10/4/17. I didn’t know PTSD had anything to do with being traumatized. PTSD Particularly Common Among People Exposed To Mass Shootings, Studies Indicate. The AP (10/3, Tanner) reports that people who survived this week’s shootings in Las Vegas may be at risk for post-traumatic stress disorder (PTSD). Also at risk for “psychological fallout” are first responders, medical staff, eyewitnesses, and bystanders. Studies indicate “PTSD is particularly common among people exposed to mass shootings versus other types of trauma, with rates as high as 90 percent reported” by some researchers.
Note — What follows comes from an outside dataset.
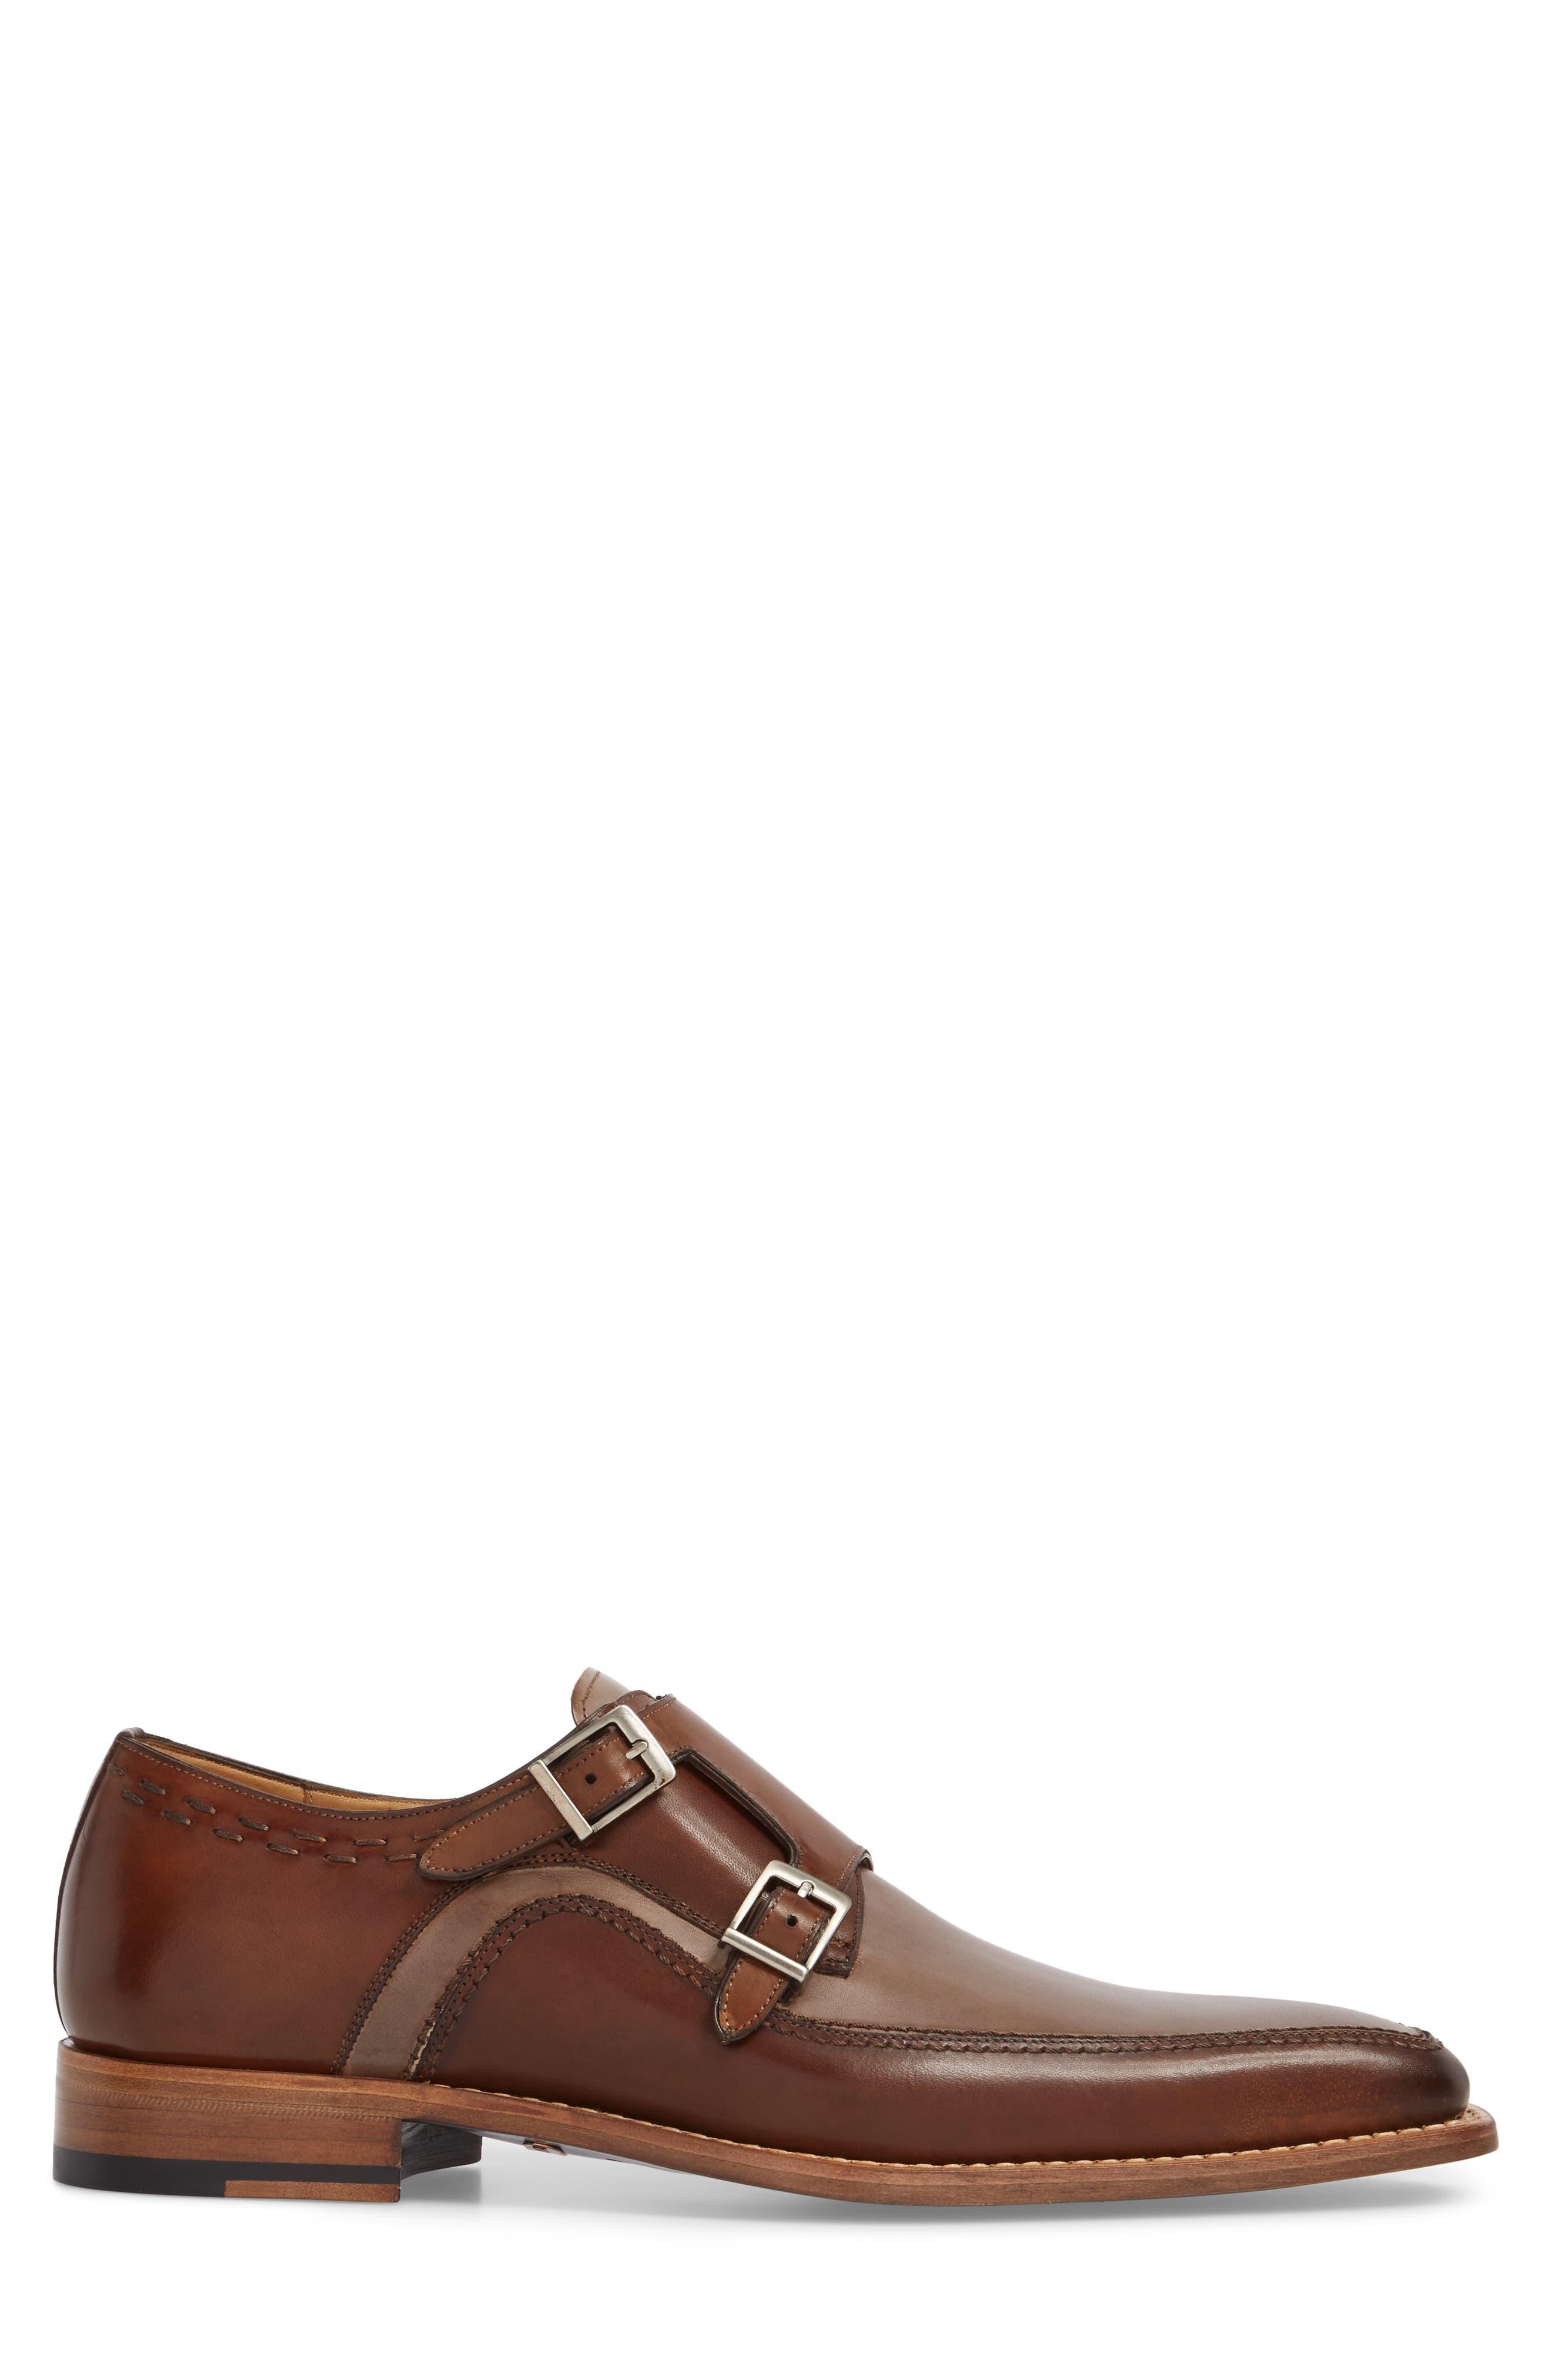 Magno Double Monk Strap Shoe,                             Alternate thumbnail 3, color,                             208

Because being abused as a child is good for your mental health. Young Adults Who Recall Being Maltreated May Have A Particularly Elevated Risk For Psychopathology, Researchers Say.   A study to be published in the January issue of the Journal of Psychiatric Research (10/24, Newbury, Arseneault, Moffitt, Caspi, Danese, Baldwin, Fisher) “explores the validity and utility of retrospective self-reports versus prospective informant-reports of childhood maltreatment.” Study data “were obtained from the Environmental Risk (E-Risk) Longitudinal Twin Study, a nationally-representative birth cohort of 2,232 children followed to 18 years of age (with 93% retention).” Researchers evaluated “childhood maltreatment” through “prospective informant-reports from caregivers, researchers, and clinicians when children were aged 5, 7, 10 and 12,” and via “retrospective self-reports of maltreatment experiences occurring up to age 12, obtained at age 18 using the Childhood Trauma Questionnaire.” The study revealed that “young adults who recall being maltreated have a particularly elevated risk for psychopathology.”